**About this exercise**
Once the pictures are set aside, transcribe each line of the listing exactly.

**Given data**
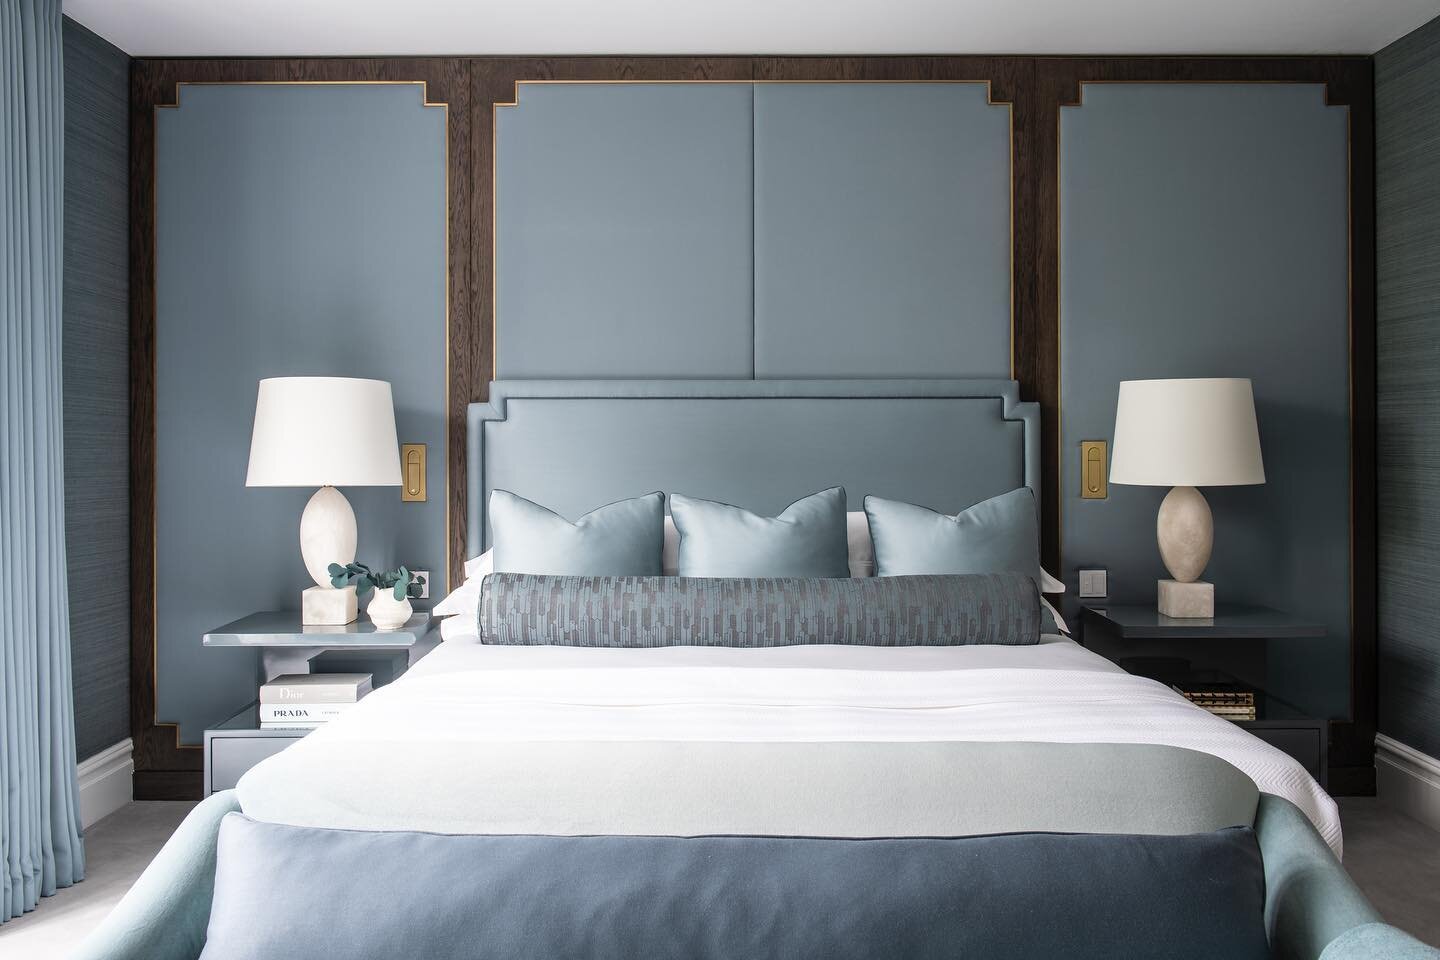 Tranquil mood vibes with these calming blue tones on repeat. 
Interiors @schillerbeynoninteriors Photography @jodystewartphotography Architecture @shapelondonarchitects  #interiordesign #masterbedroom #luxury #luxurylifestyle #upholstery #bedroom #be
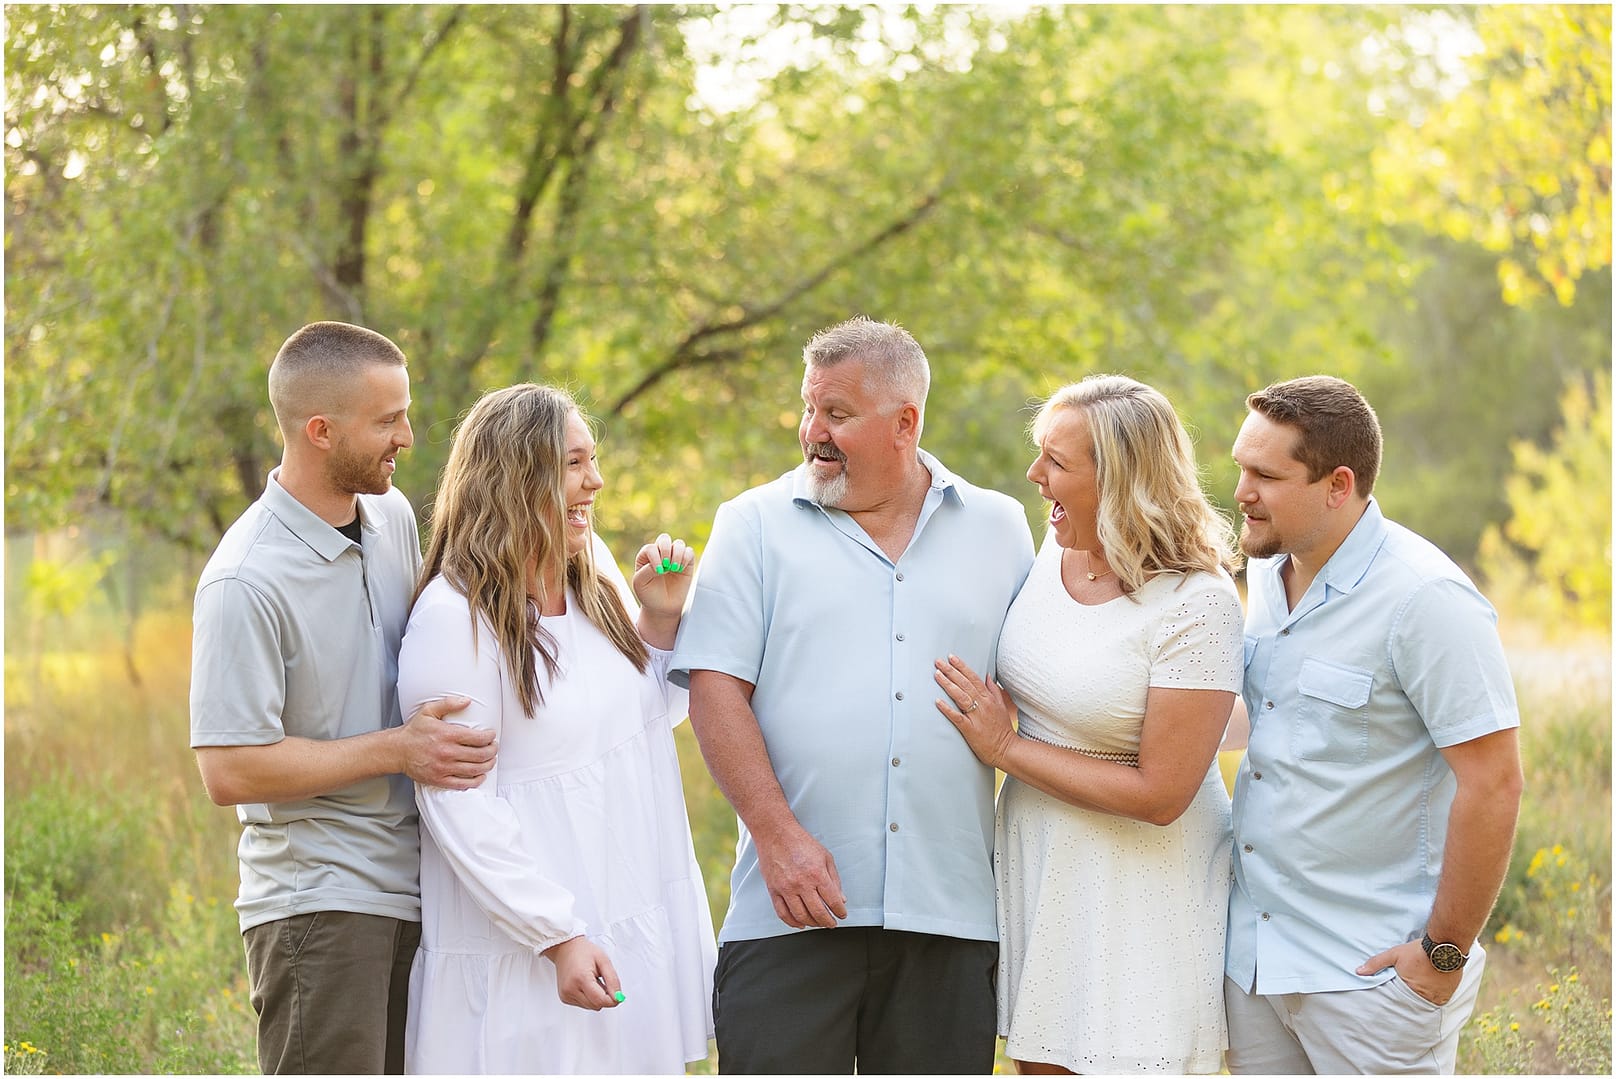 Daughter surprises family with pregnancy announcement during Boise family photo session. Photo by Tiffany Hix Photography.
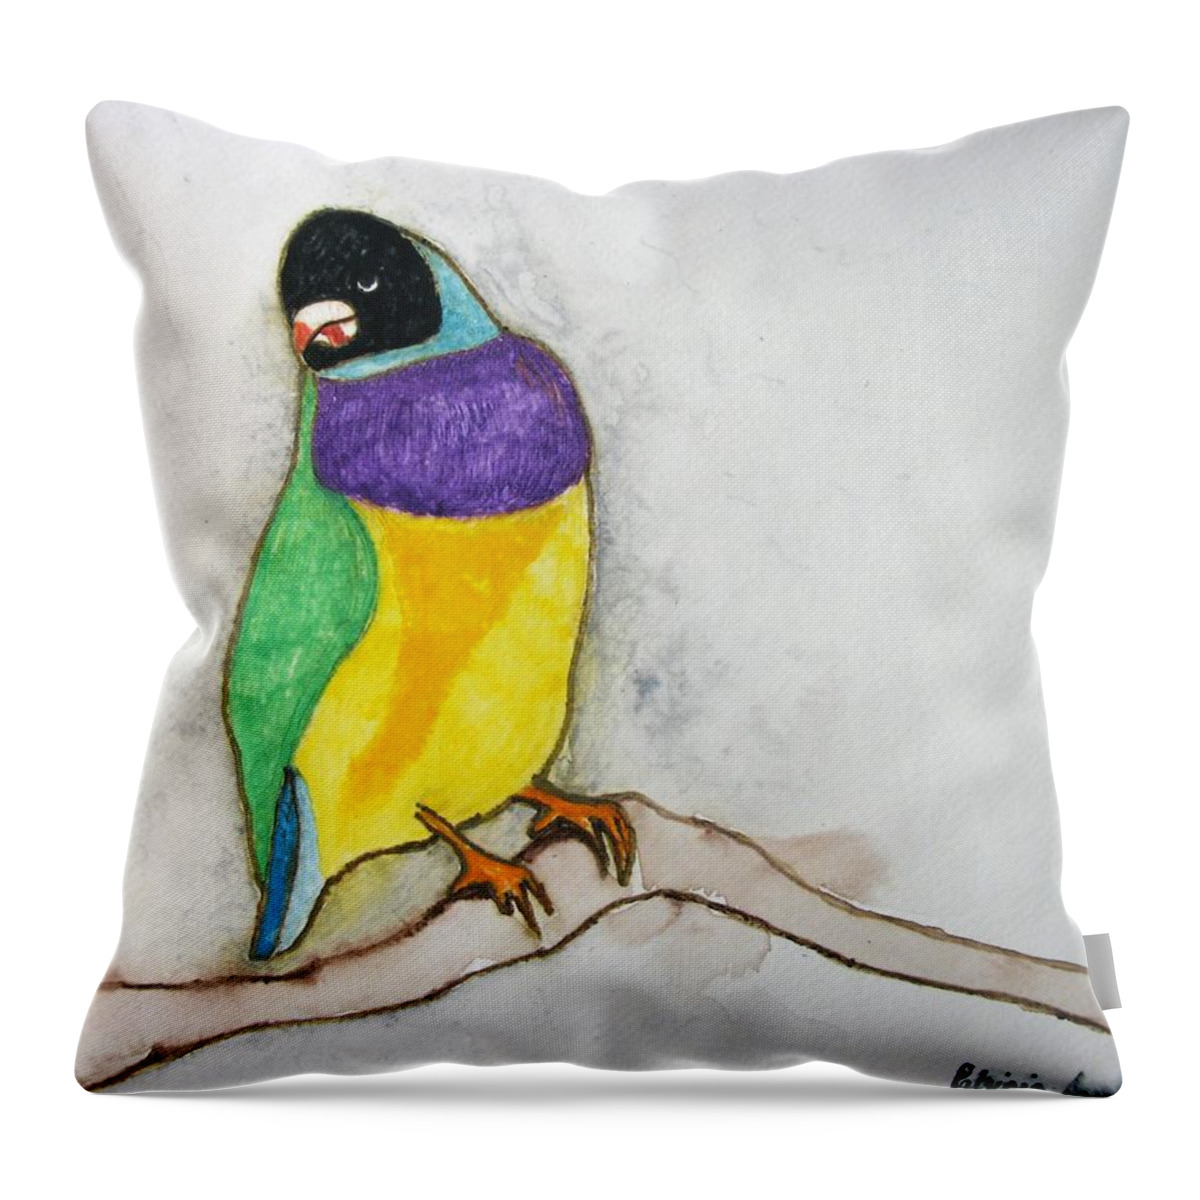 Birds Throw Pillow featuring the painting I Don't Care by Patricia Arroyo

**Your solution**
 Tranquil mood vibes with these calming blue tones on repeat. 
Interiors @schillerbeynoninteriors Photography @jodystewartphotography Architecture @shapelondonarchitects  #interiordesign #masterbedroom #luxury #luxurylifestyle #upholstery #bedroom #be
 Daughter surprises family with pregnancy announcement during Boise family photo session. Photo by Tiffany Hix Photography.
 Birds Throw Pillow featuring the painting I Don't Care by Patricia Arroyo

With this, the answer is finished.